5 of 5 people found the following review helpful By J. DOUGLAS VINE VOICE on 25 Feb. 2011
Format: Paperback
Barbara Brown Taylor is prolific in preaching, writing and Christian feminist circles, and here offers her account of disillusionment, dissatisfaction and `wanting to be free' from church! The wisdom and interplay in the three section structure I find compelling as a tool much beyond the duration of the book. 'Finding,' during which she records caught up in and burnt out by the busyness of ministry and ultimately abandons it, 'Losing,' the interim period during which she discovers what life is like without the daily tasks of ministry, and Keeping, where she's back on the upswing after 'detox'.
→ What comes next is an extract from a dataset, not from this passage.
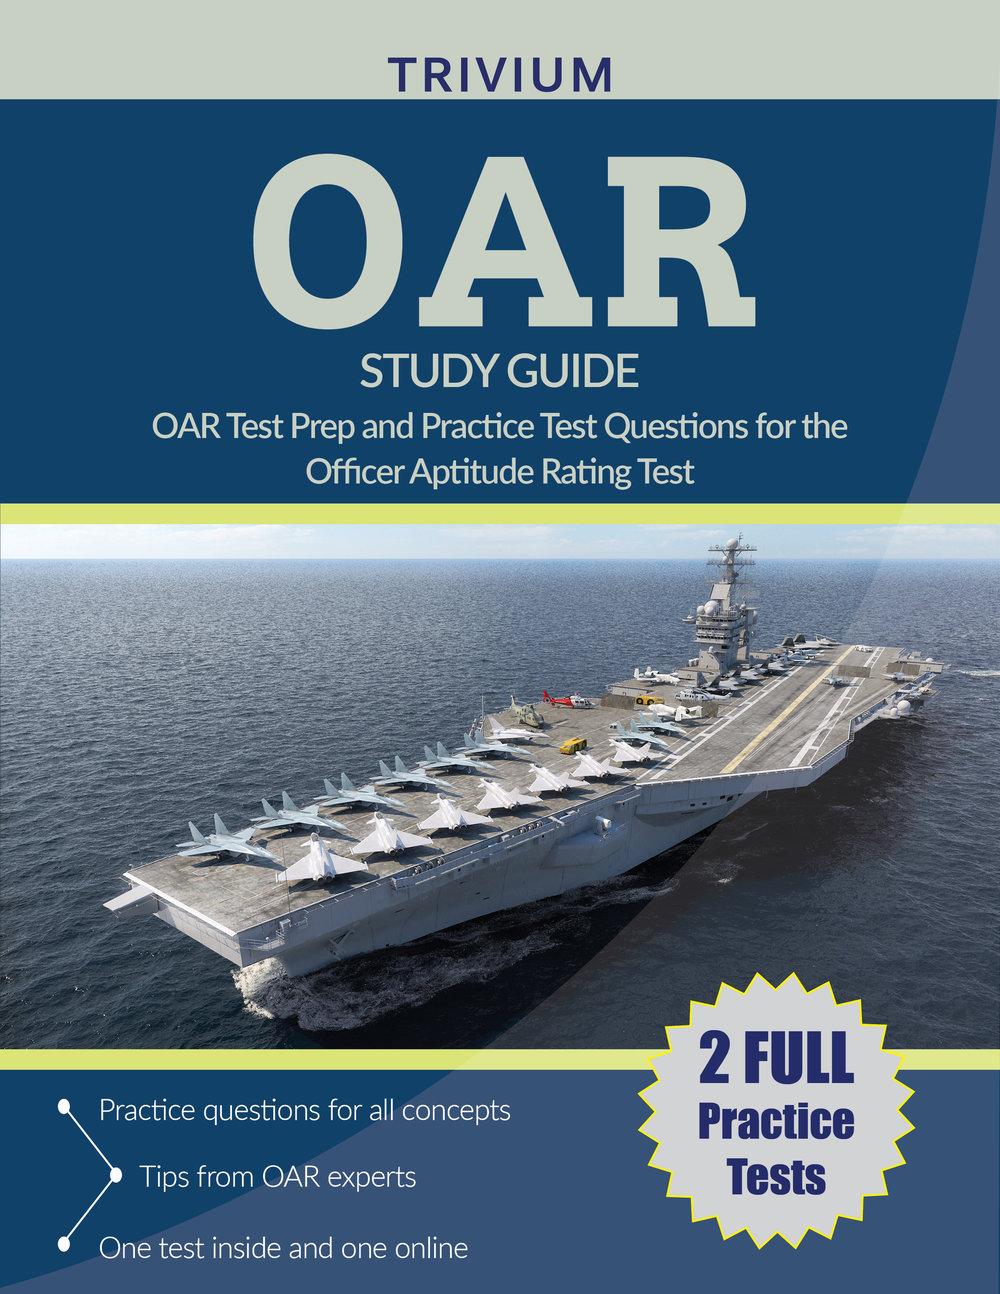 OAR_cover_website.jpg

This is not revolutionary read, with little originality offered as most ecclesiological and theological reflections are citations of other authors, books and media. For one brand new to such concepts and/or steeped in church life, this may be challenging, scandalous, eye-opening or even affirming. If it is your first brush with a story of this stripe, it is a good place to start. If it is your second, third, fourth, or more, you can read it if you want. Taylor is an excellent writer. Read it if you want to hear an articulate exodus-from-church narrative, for in it her writing is both a tonic and a relief for many on the maze and misery of church life. Core to this writing is the belief in mystery as a context for healing and possibility. An absorbing yet-somewhat indulgent memoir that clings to our loving God.

There is much hope, amidst the liberation, transformation and power of the story disclosed. Truly engaging!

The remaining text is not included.